Median prices and price per square foot
| Neighborhood | Median Listing Price | Price per SqFt |
|---|---|---|
| Downtown | $310,000 | $265 |
| Alamo Heights | $450,000 | $310 |
| Stone Oak | $350,000 | $215 |
| Southtown | $275,000 | $230 |
| West San Antonio | $240,000 | $185 |
| Tobin Hill | $295,000 | $248 |
| Alamo Ranch | $325,000 | $205 |
| Northeast Crossing | $265,000 | $190 |
| Terrell Hills | $525,000 | $315 |
| Harlandale | $220,000 | $175 |
The San Antonio rental landscape
San Antonio's rental market is performing well heading into 2026. Steady population growth, a cost-of-living advantage over other major Texas metros, and sustained demand from students, military personnel and young professionals are keeping conditions firm.

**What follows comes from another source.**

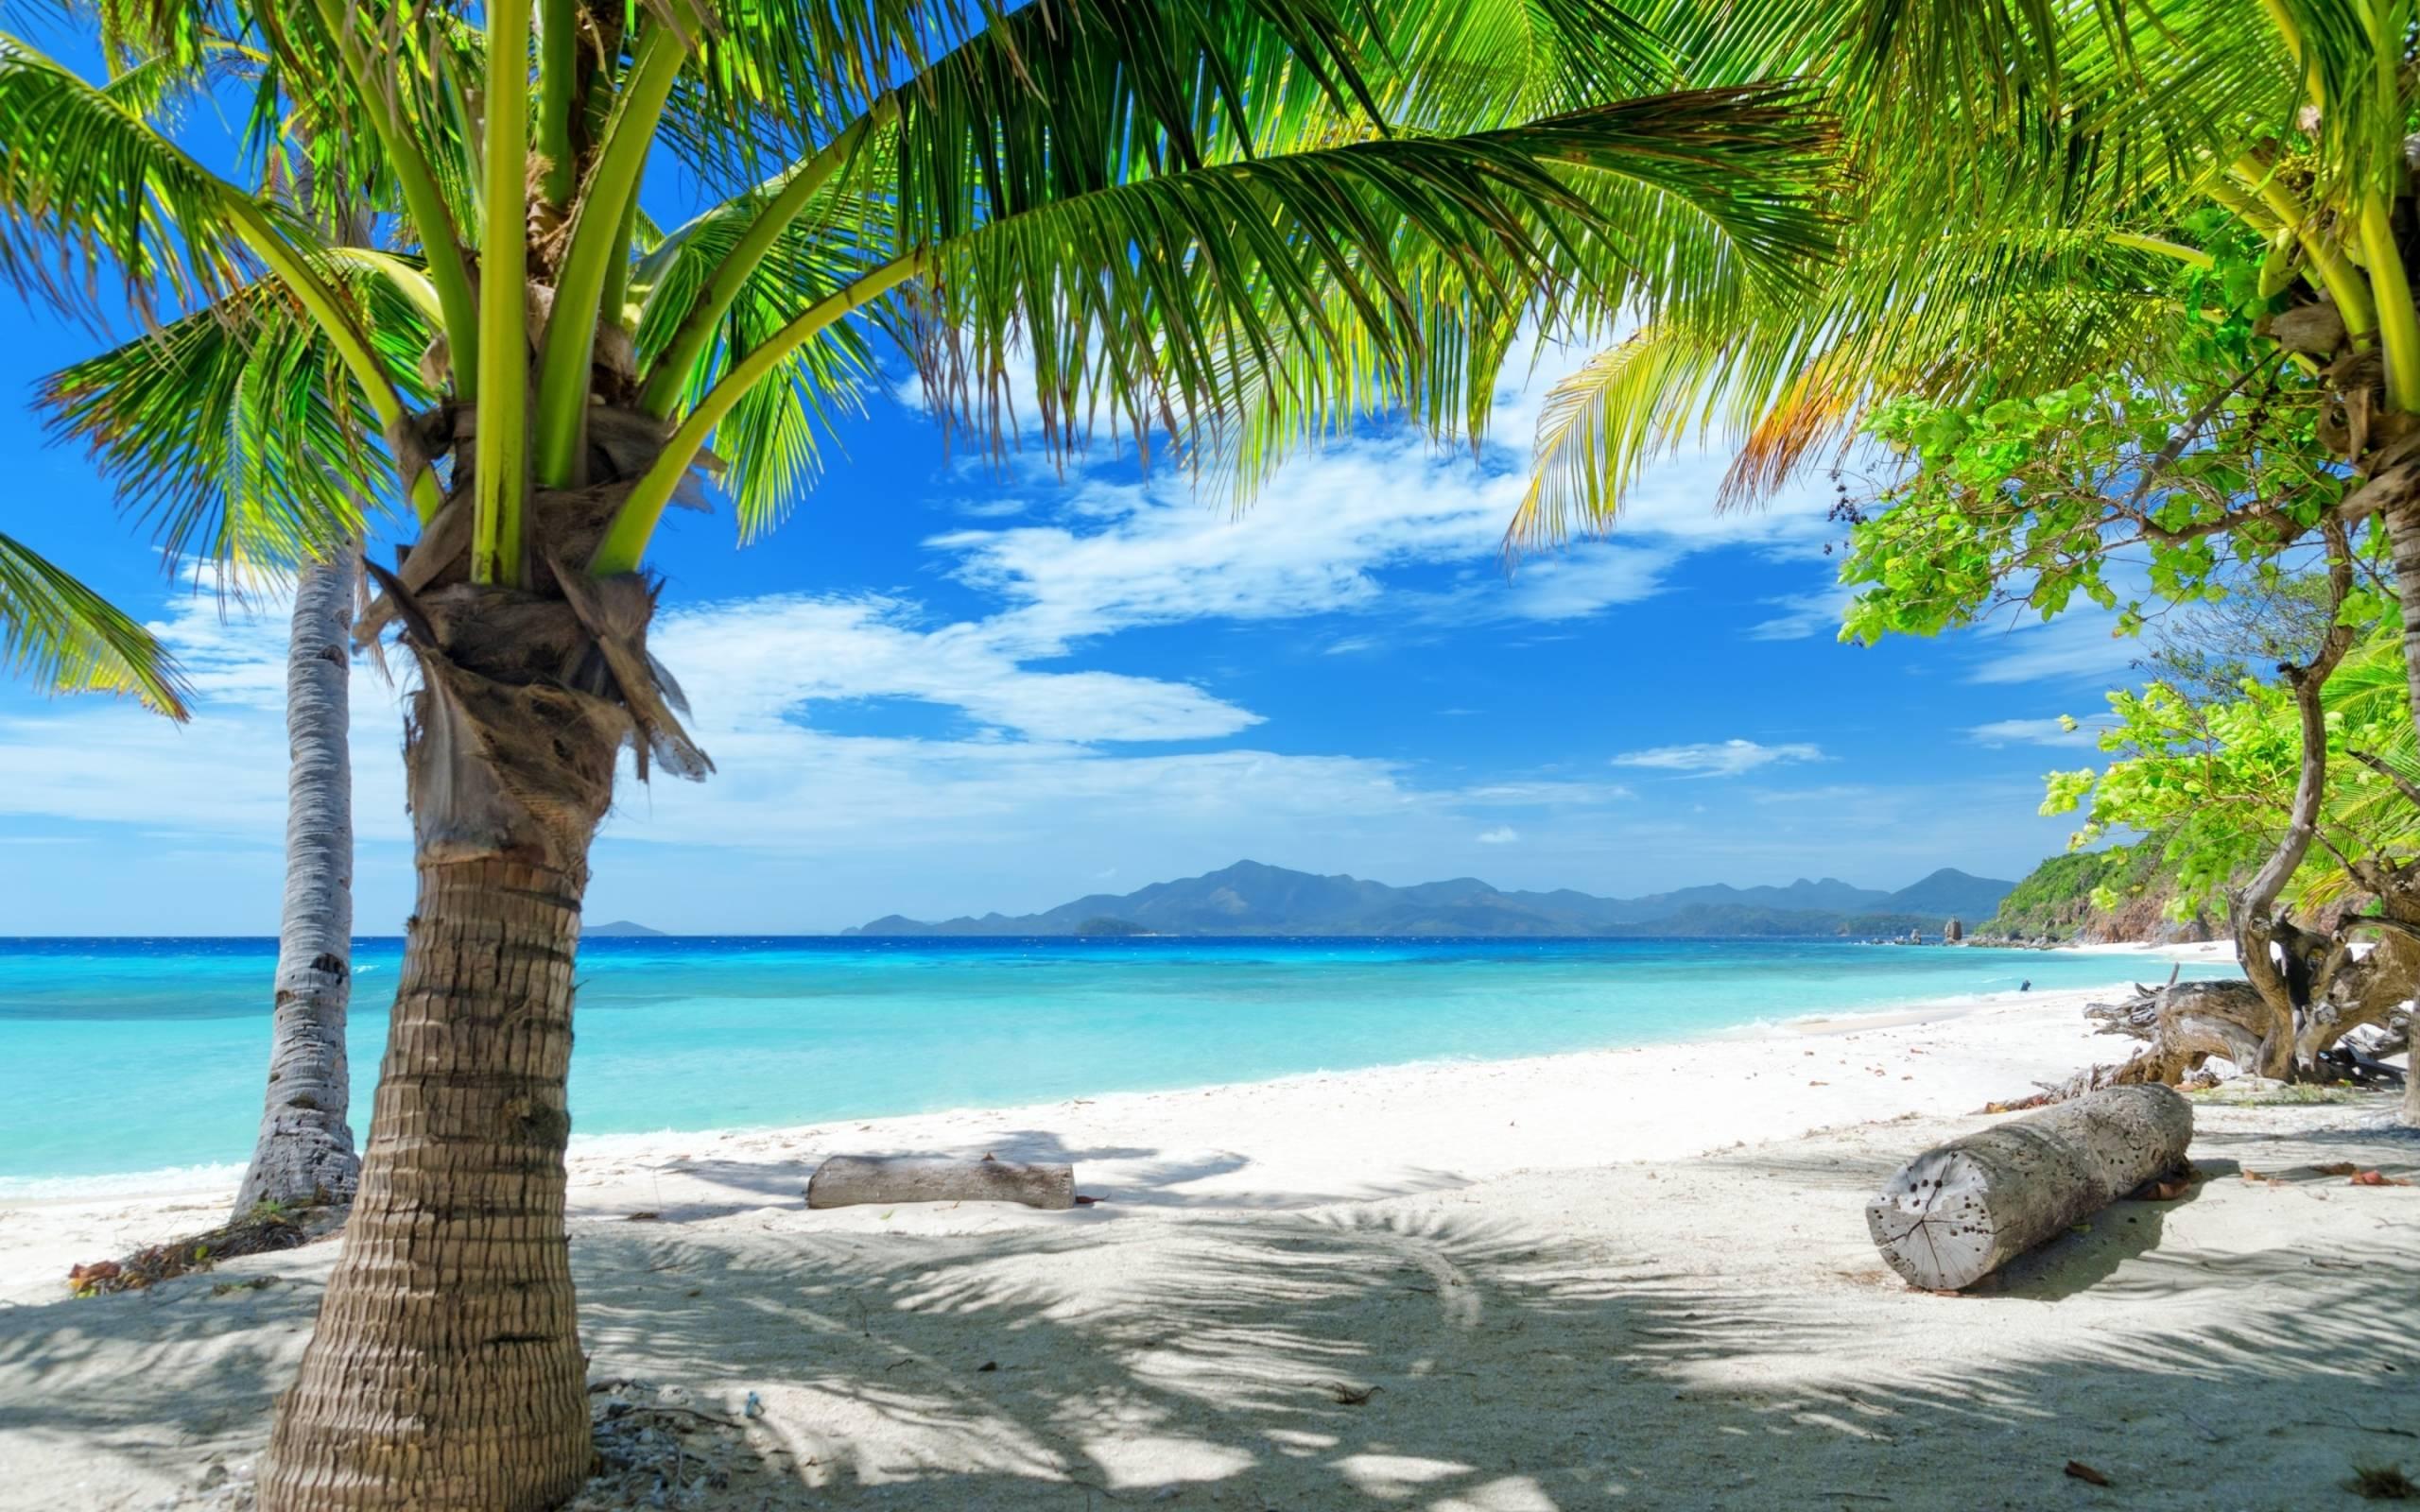 Free Desktop Wallpaper Ocean Beach

The average rent for apartments in San Antonio runs about $1,600 per month — roughly 11 percent below the national average. Studios average $1,000, one-bedrooms $1,106, two-bedrooms $1,392 and three-bedrooms approximately $1,720. The city's vacancy rate sits at approximately 7.2 percent.
What's shaping San Antonio in 2026
Several forces are pushing the market in the same direction. Population growth remains the structural story — the metro continues to attract residents from other Texas cities and from the higher-cost coastal markets. The employment base is unusually diversified for a city of San Antonio's size, anchored by healthcare (the South Texas Medical Center), the military (Joint Base San Antonio), USAA, and an expanding logistics and technology corridor. Mortgage rates between 6.5 and 7 percent on the 30-year fixed have shifted some demand into the rental sector.
Major infrastructure works — Highway 281 improvements, expanded VIA bus rapid transit corridors, and continued downtown revitalization — are reshaping accessibility and demand around specific corridors.
Where San Antonio reads now
Home prices in San Antonio are projected to rise between 2.5 and 4.5 percent through 2026, putting the median sale price between $297,000 and $310,000 by the end of the year. Growth is expected to concentrate in Southtown, West San Antonio, and the redevelopment-driven submarkets. Rents are forecast to climb 4 to 6 percent, with vacancy holding around 6.5 percent.
For the buyer who values affordability against the broader Texas Triangle, a diversified employment economy, and a city with one of the most architecturally rich Spanish-colonial cores in the United States, San Antonio continues to read as a structurally important property market. The neighborhoods responding most clearly to the demographic shifts — Southtown, West San Antonio, Alamo Ranch — are quietly outperforming the headline averages.
Frequently asked
How is the San Antonio housing market evolving in 2026?
Home prices are projected to rise between 2.5 and 4.5 percent, supported by population growth, employment stability, and limited inventory in central submarkets.
Which neighborhoods are seeing the most buyer attention?
Southtown, West San Antonio, Stone Oak and Alamo Ranch are drawing the most consistent demand from buyers tracking redevelopment, schools, and new construction.
How long are homes staying on the market?
Homes are averaging 58 days on market.
Is San Antonio still affordable against other Texas cities?
Yes — San Antonio remains meaningfully more accessible than Austin, Dallas and Houston while offering comparable economic opportunity.